We made our way along the line of metal filing cabinets that ran down the centre of the room. Each drawer was full to the brim. Paper was king back in 1969 and the station overflowed with it. Box files formed stalagmite towers around the room, and when they tumbled over, they remained in a cascade of paper and cardboard until someone got tired and kicked them out of the way.

  The window ledges were similarly piled high with files and the occasional textbook. The windows themselves were rarely opened, for fear of falling objects hitting shoppers in the street below, and yet the collection of dead flies seemed to grow daily. Cleaners never came into CID. They didn’t have the nerve.

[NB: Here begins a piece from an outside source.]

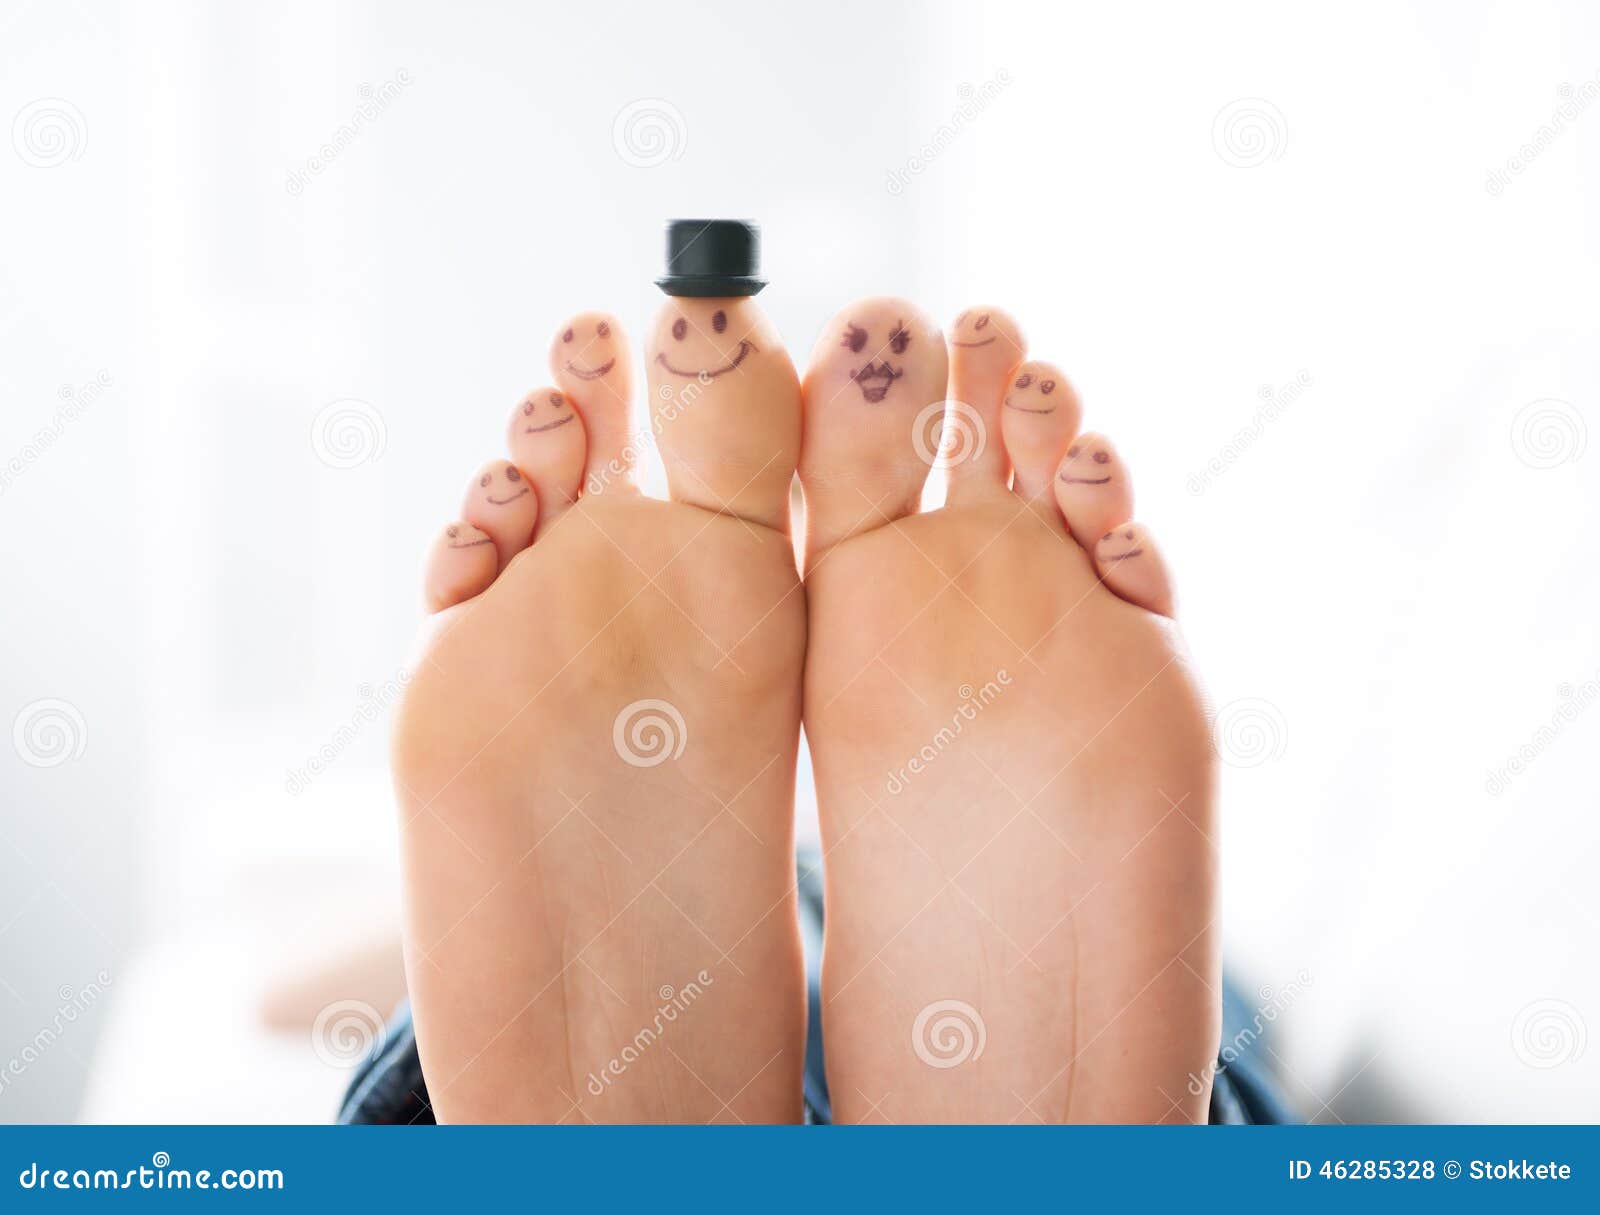 happy feet family

  Most of the detectives smoked and I couldn’t spend any time in this room without my eyes stinging.

  Before computers stored data, we pinned our information around us. Every wall was full of notices, instructions, memos, maps, missing persons’ photographs, ‘wanted’ posters. Nothing was ever taken down, just papered over as new information took precedence. Were we to remove all the paper from the walls, the sound insulation would take a dive. Or the walls might fall down.

  CID was a hazy mass of ever-moving paper, dust and smoke.

  At the far end of the room was a corner office. Tom knocked and pushed open the door at the answering grunt.

  Superintendent Stanley Rushton, a tall, thick-set man of around forty, slammed down the phone and stared back at us through a thick cloud of cigarette smoke.

  ‘Fucking twat,’ he said to us.

  Tom said, ‘Earnshaw again, boss?’

  ‘How the devil do you know that?’

  No one ever sat down in the super’s office. There weren’t any chairs other than his, and I’d have liked to see anyone dare take that.

  ‘Lads have been talking,’ Tom said. ‘Get used to it, boss. Council elections coming up.’

  I’d never met John Earnshaw but knew him to be the chairman of the town council. Owner of several mills in town, he was a wealthy and influential man.